Nearly two weeks after Hurricane Florence hit, the only way to get in and out of a Pender County resident’s home is by kayak.

Meredith Nance said her flooded home is “like a horror movie.”

She and her 4-year-old and 7-year-old sons evacuated to her mother’s home in Cary.

Other family members stayed behind. When the storm hit, they sent Nance pictures of her flooded house and of their kayaking to safety.

“All your baby pictures and your kids’ things just sitting there being flooded,” Nance said.

Most everything she owns is ruined, she said. She does not have flood insurance.

“I should have been more prepared,” she said. “I should’ve gotten everything on the tables upstairs, even.”

Nance and her family have been sleeping on a sofa at her mother’s home as they wait for the flooding at their own home to recede.

The Federal Emergency Management Agency has offered the family help, and community members have dropped off clothes.

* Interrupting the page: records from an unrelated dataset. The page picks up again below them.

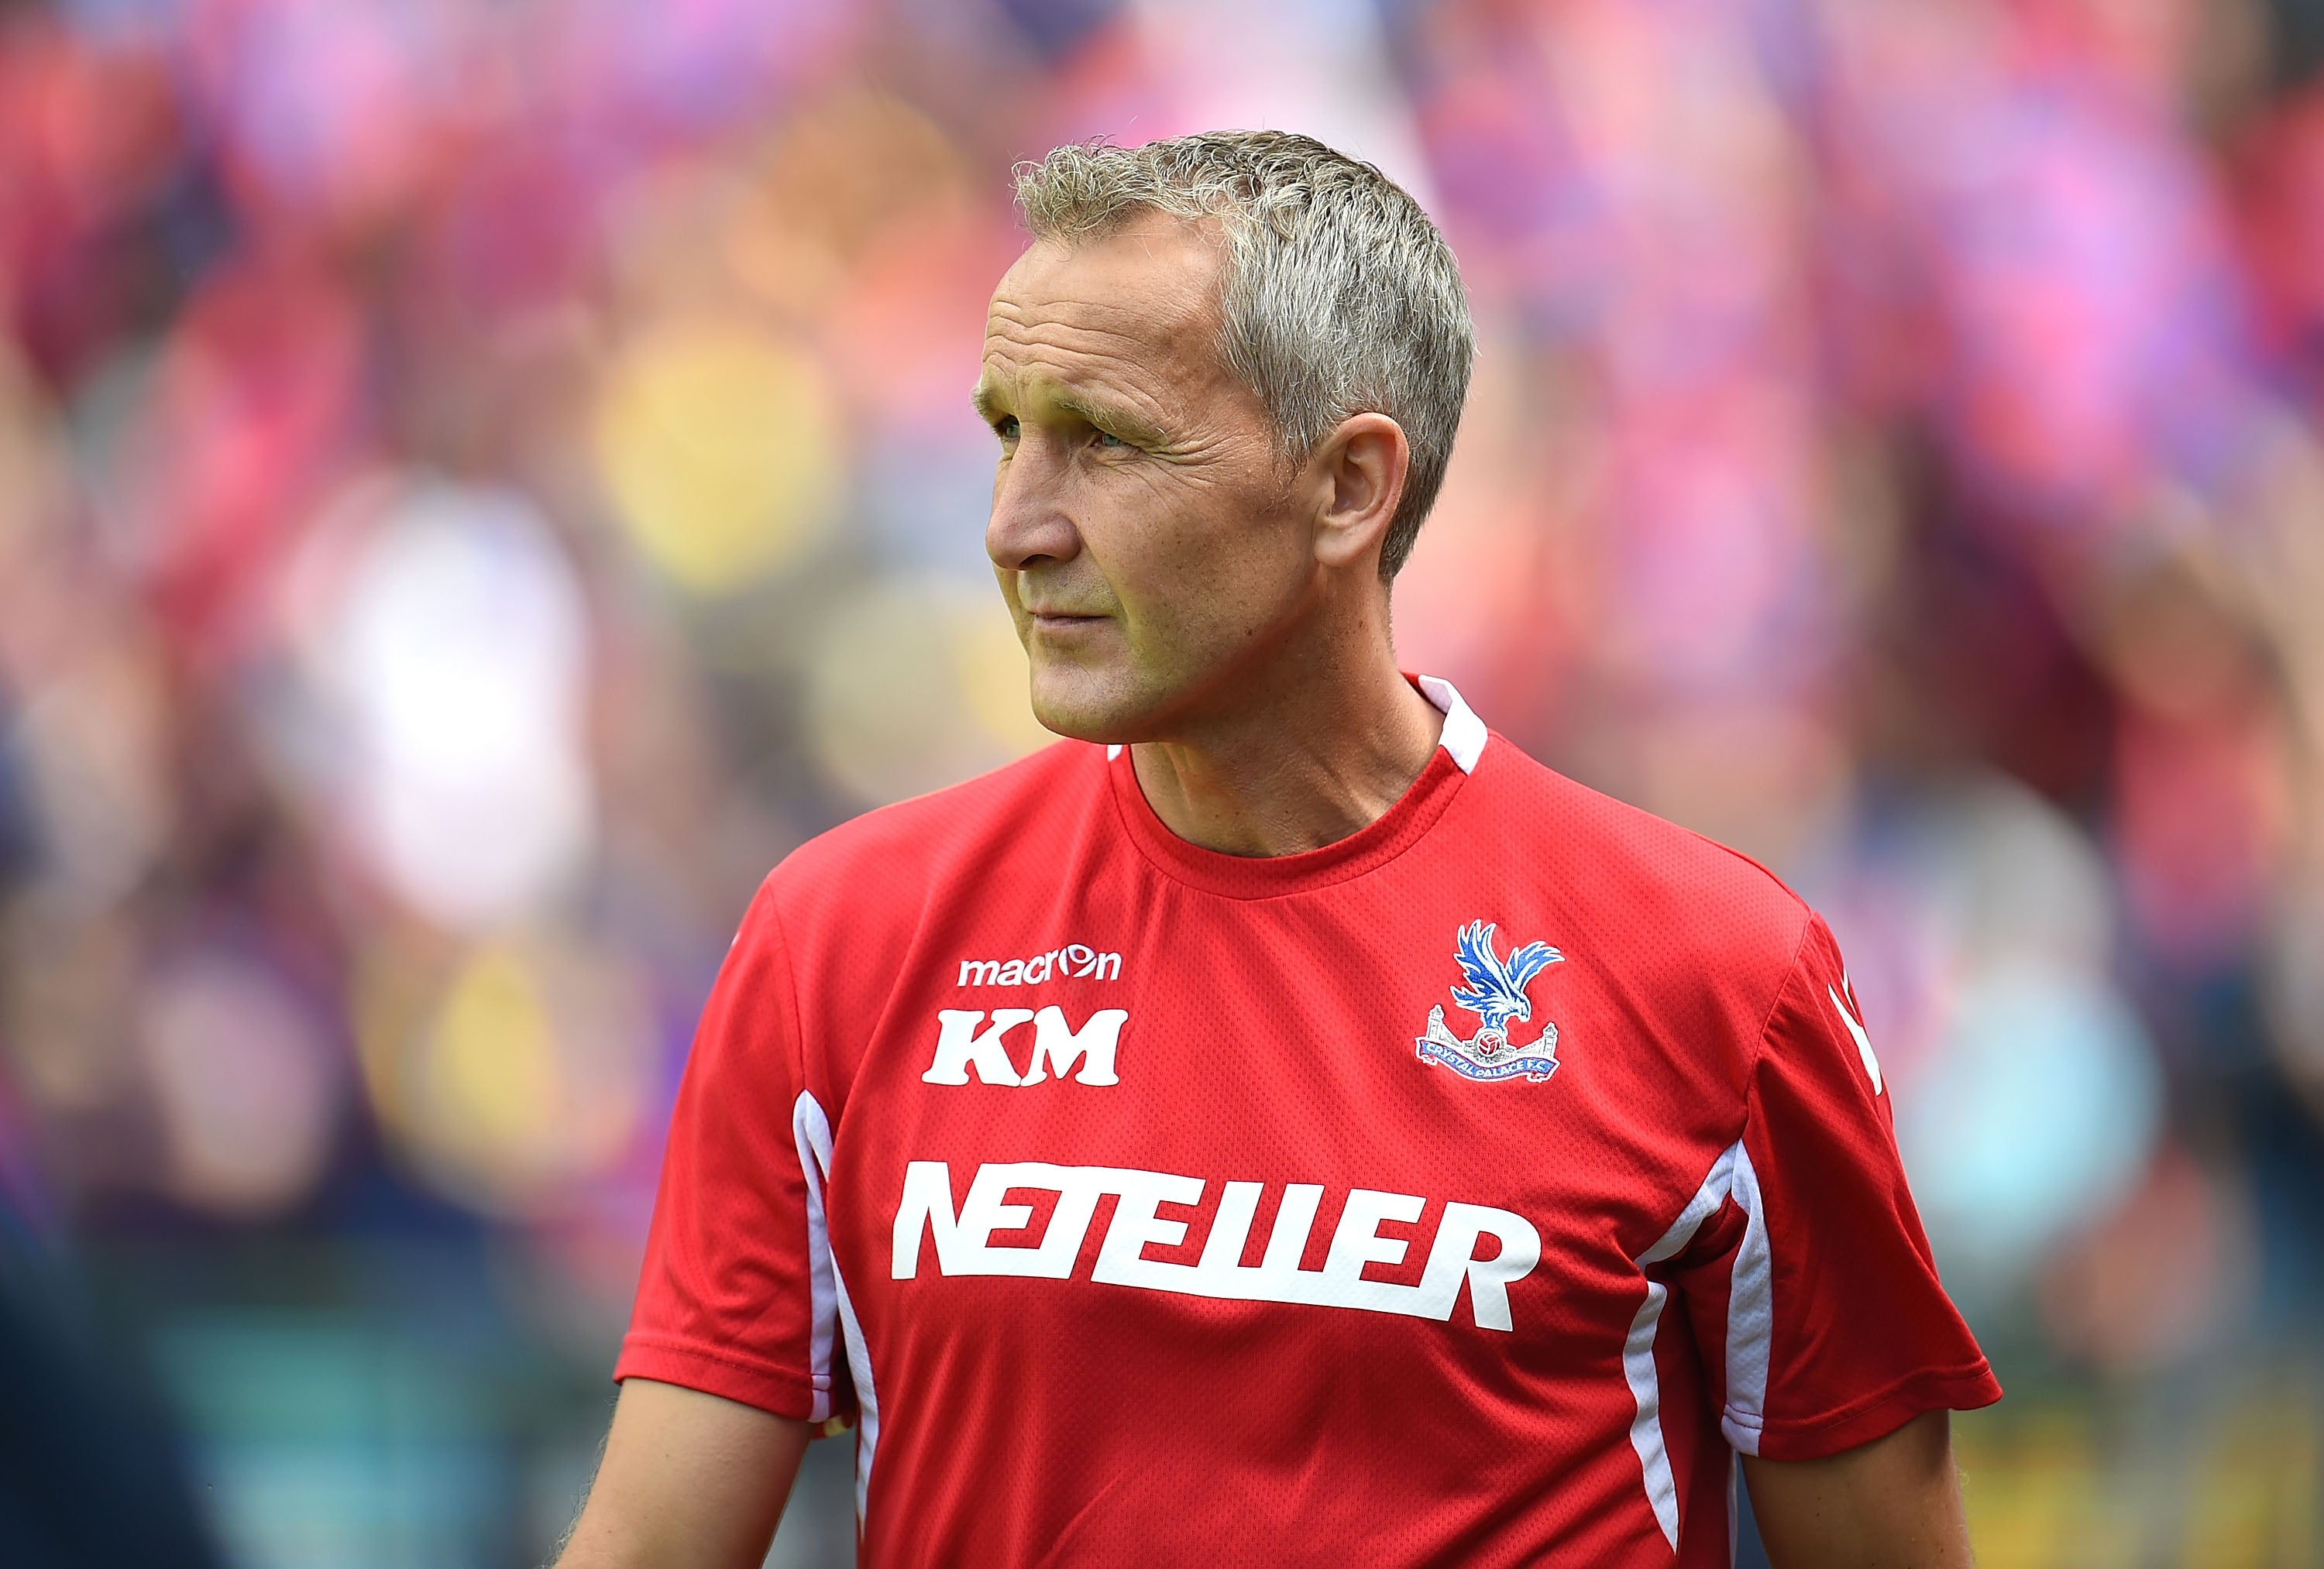 Keith Millen was once again in temporary charge after Malky Mackay's appointment was cancelled over his texting scandal.
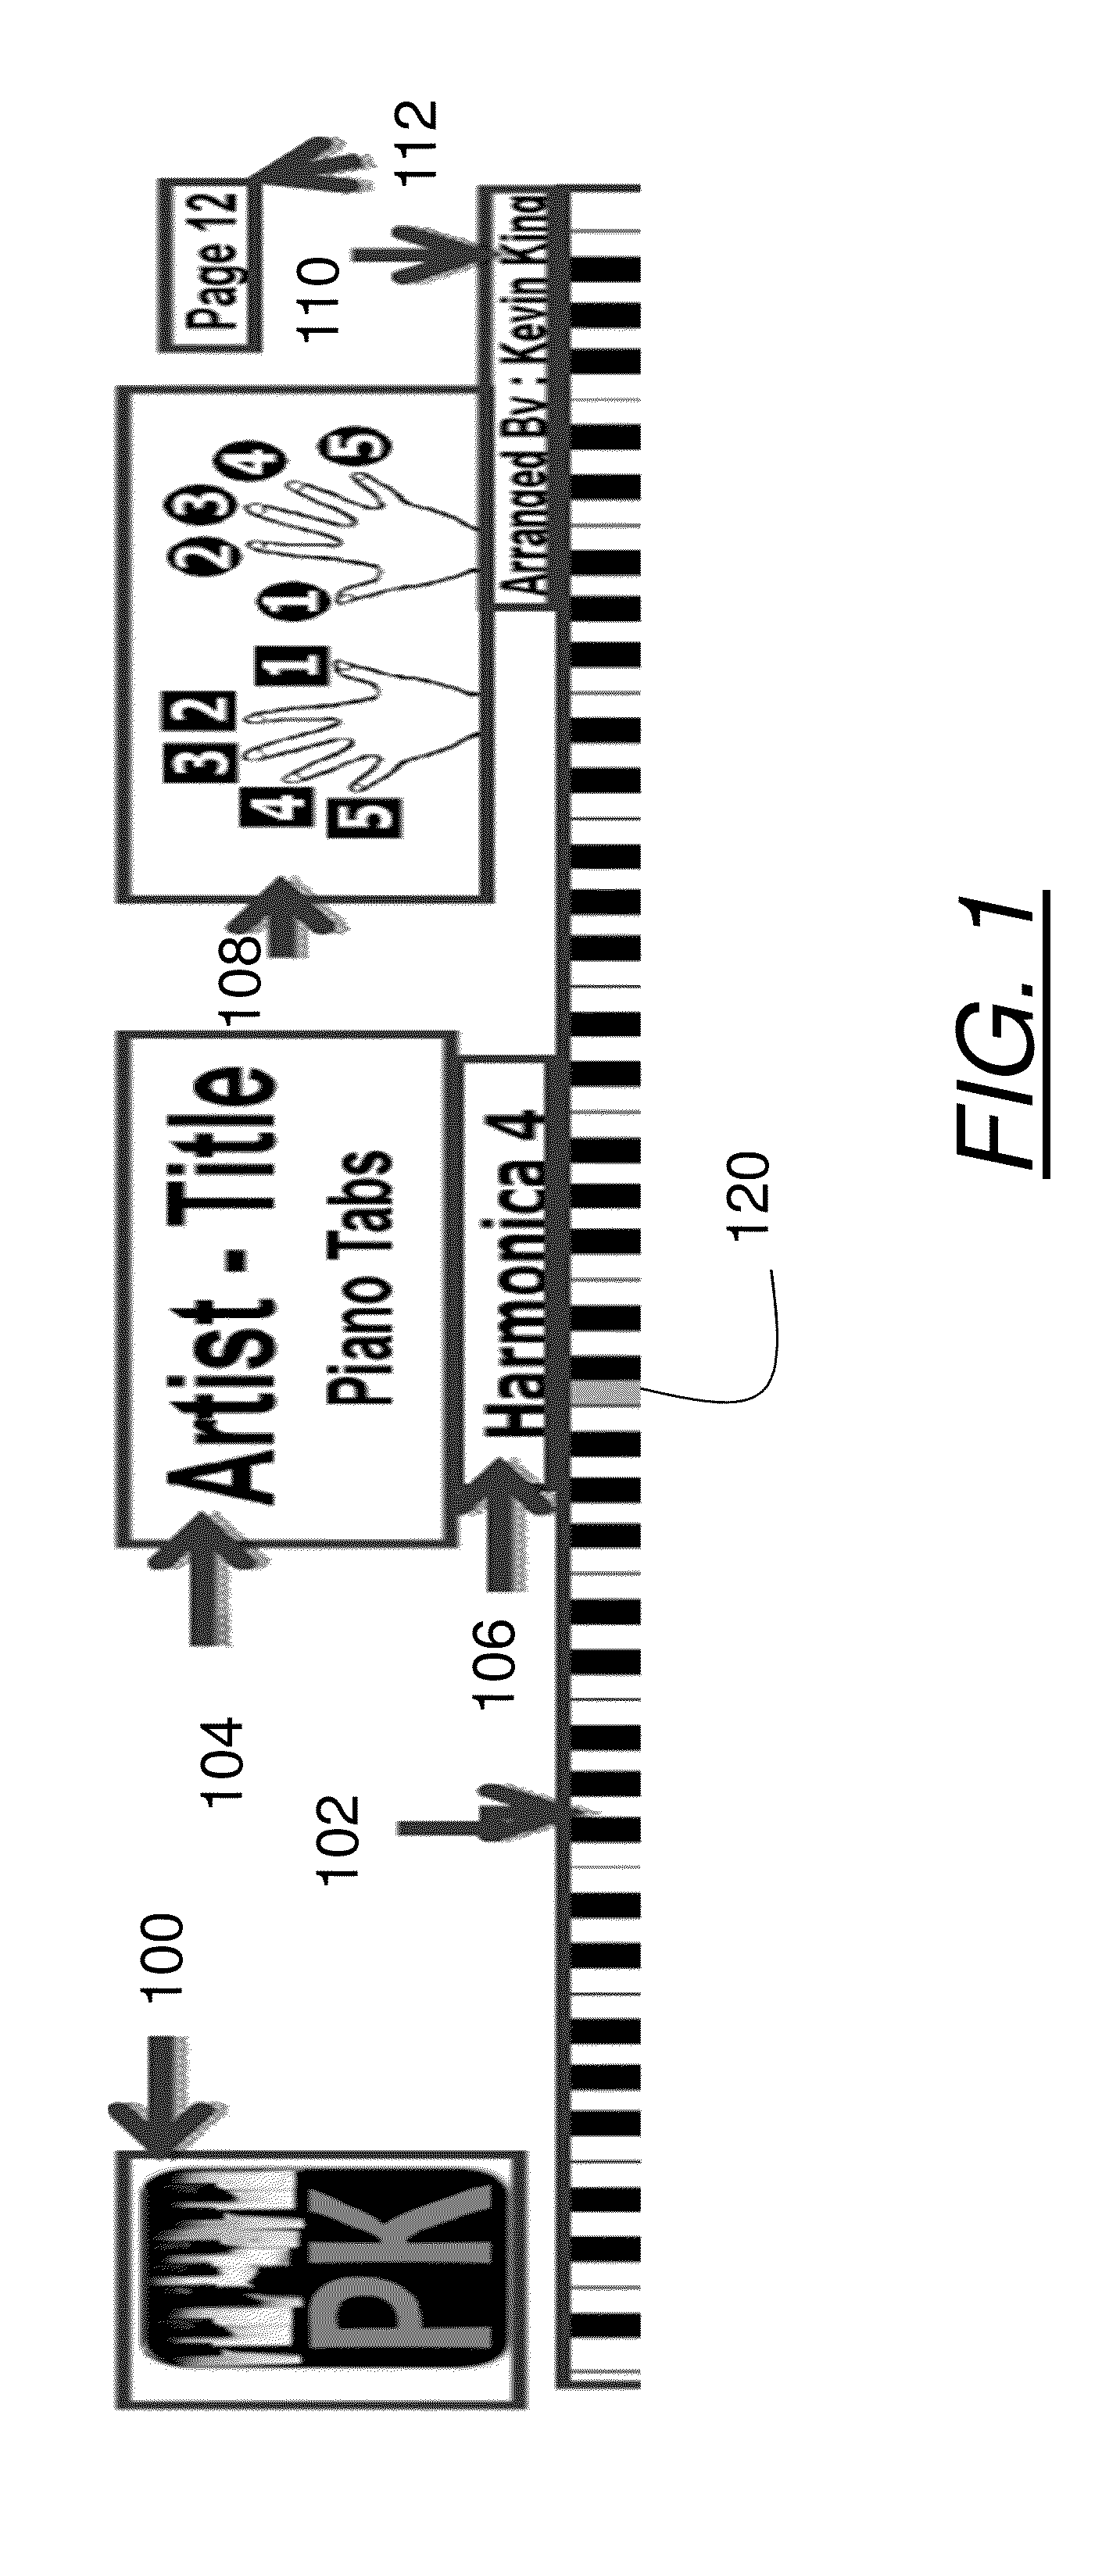 Piano tablature system and method
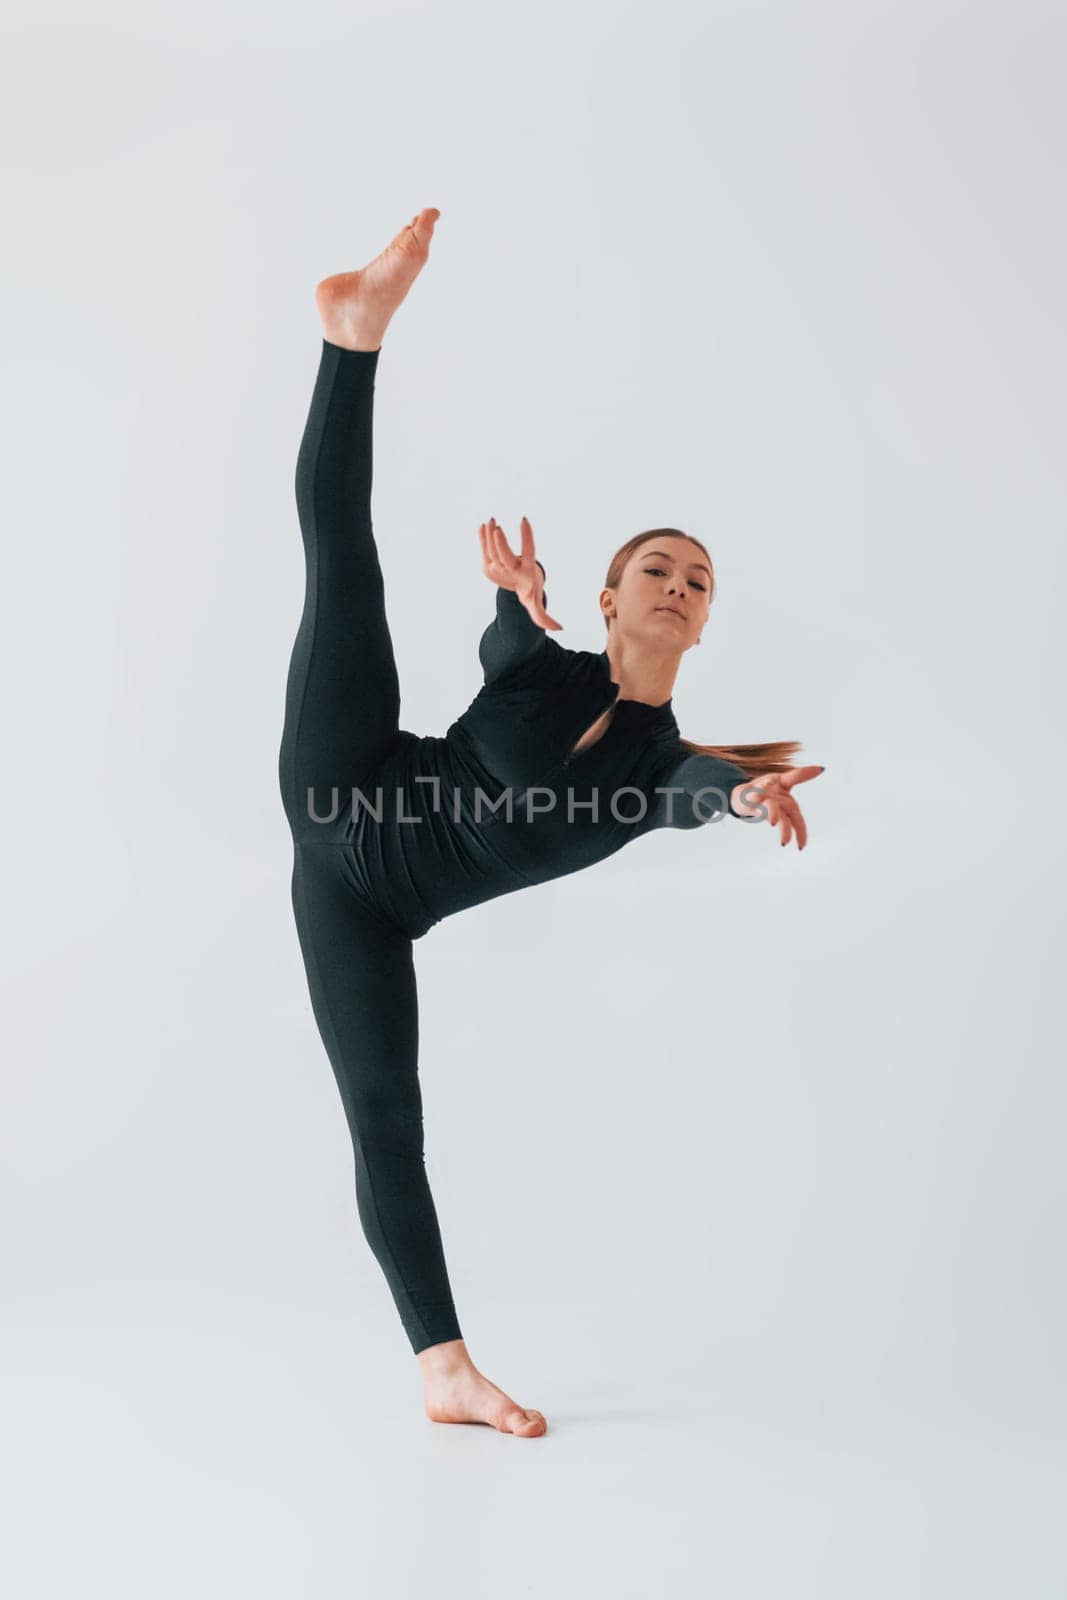 Slim body type. Young woman in sportive clothes doing gymnastics indoors.

Nance’s older son has enrolled at Cary Elementary School. The school gave him supplies and a backpack.

Nance hasn’t told her sons about what happened; she doesn’t know how to tell them, she said.

“It’s just a lot,” she said. “I'm trying to be strong, but it's them that makes it heartbreaking, when they just want to go home and they ask every day when they can go home, and I don't have an answer for them. And as a mom, you want to be able to give them an answer.”

Nance knows, though, that they can’t go home.